I did the manly thing and changed the subject.
“Anything interesting?” I asked, pointing toward the datapad with the apex of my southeast brow.
“Her real name, for starters.”
This grabbed me. Hitherto the Regent had been known, to me at least, exclusively as “the Regent,” and I’d only met two people in my puff who chose to be called by a job description: the City Solicitor — a chap it’s always best to avoid — and this Regent. The former, whose name turned out to be Plato, probably kept his name under wraps because it sounded like something you’d name your pet dog, or perhaps a small celestial body. As for why the latter would keep her name on the q.t., as the expression is, who could say?
“What is it?” I asked.
“Neferneferuaten,” said Vera.
“Gesundheit!”
“Neferneferuaten,” she repeated, and I perceived that she was speaking.
“Never what?”
“Not never, Nefer. Neferneferuaten.”
“Say that again, slowly. I fear it got past me again.”
“Neferneferuaten.”
“Neferneferuaten, you say?” I said, testing it out on the tongue.

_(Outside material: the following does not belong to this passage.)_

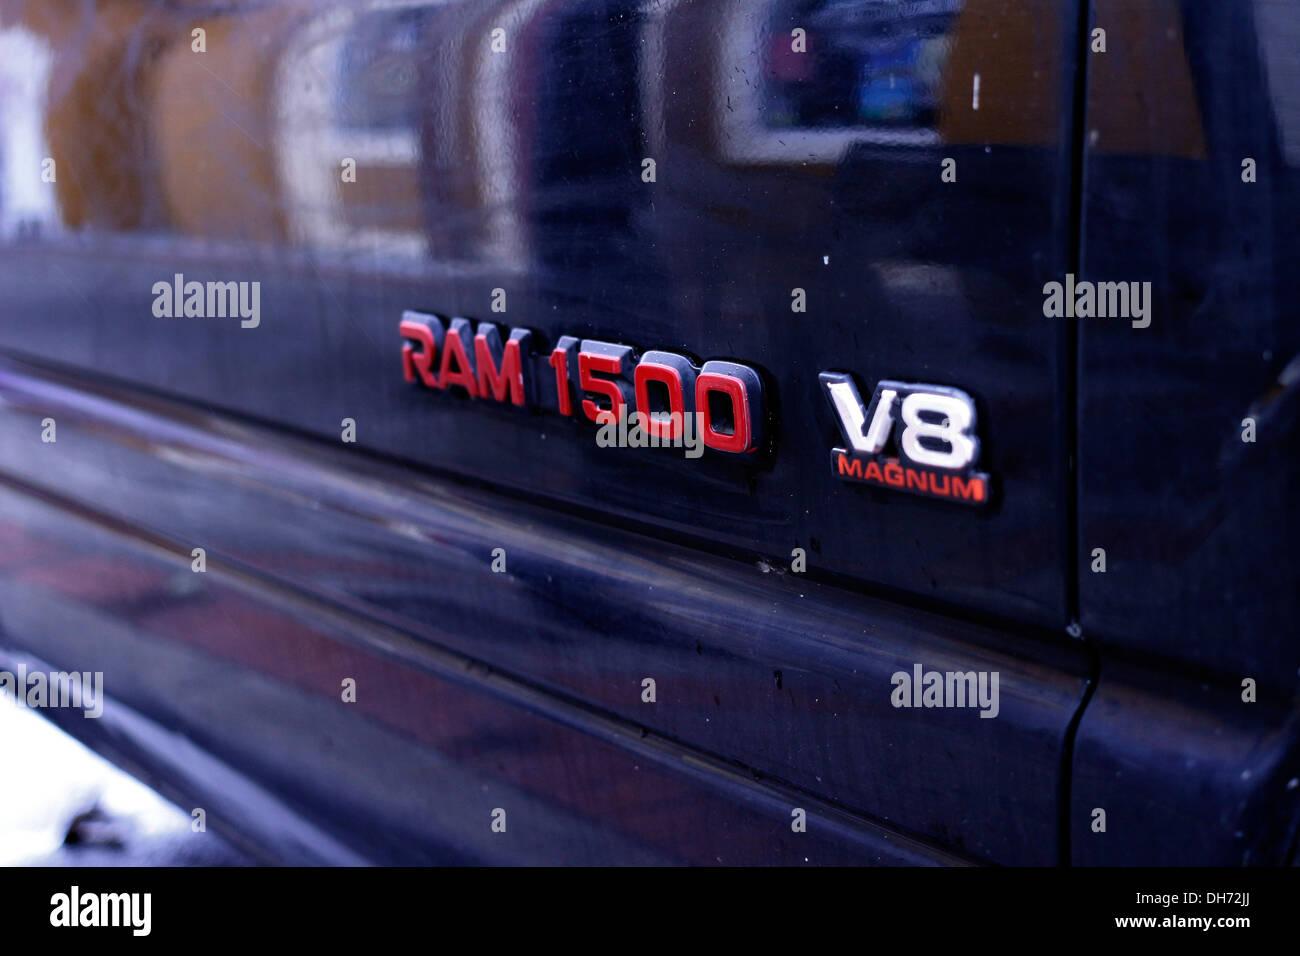 Gas Guzzler Stock Photos & Gas Guzzler Stock Images - Alamy on wheel barrow with v8, polaris with v8, 4 wheeler with v8,

“That’s right,” said Vera.
“What kind of a name is that?”
“The kind of name that makes you have everyone call you ‘Regent,’ I suppose. It says here that she manifested around four thousand years ago.”
This surprised me. I requested amplification.
“Four thousand years?”
“That’s what it says.”
“She’s not a decamillennial, then?”
“No. Not by at least six thousand years.”
“That’d make her — what — a quadramillennial?”
“I don’t think that’s a thing,” said Vera.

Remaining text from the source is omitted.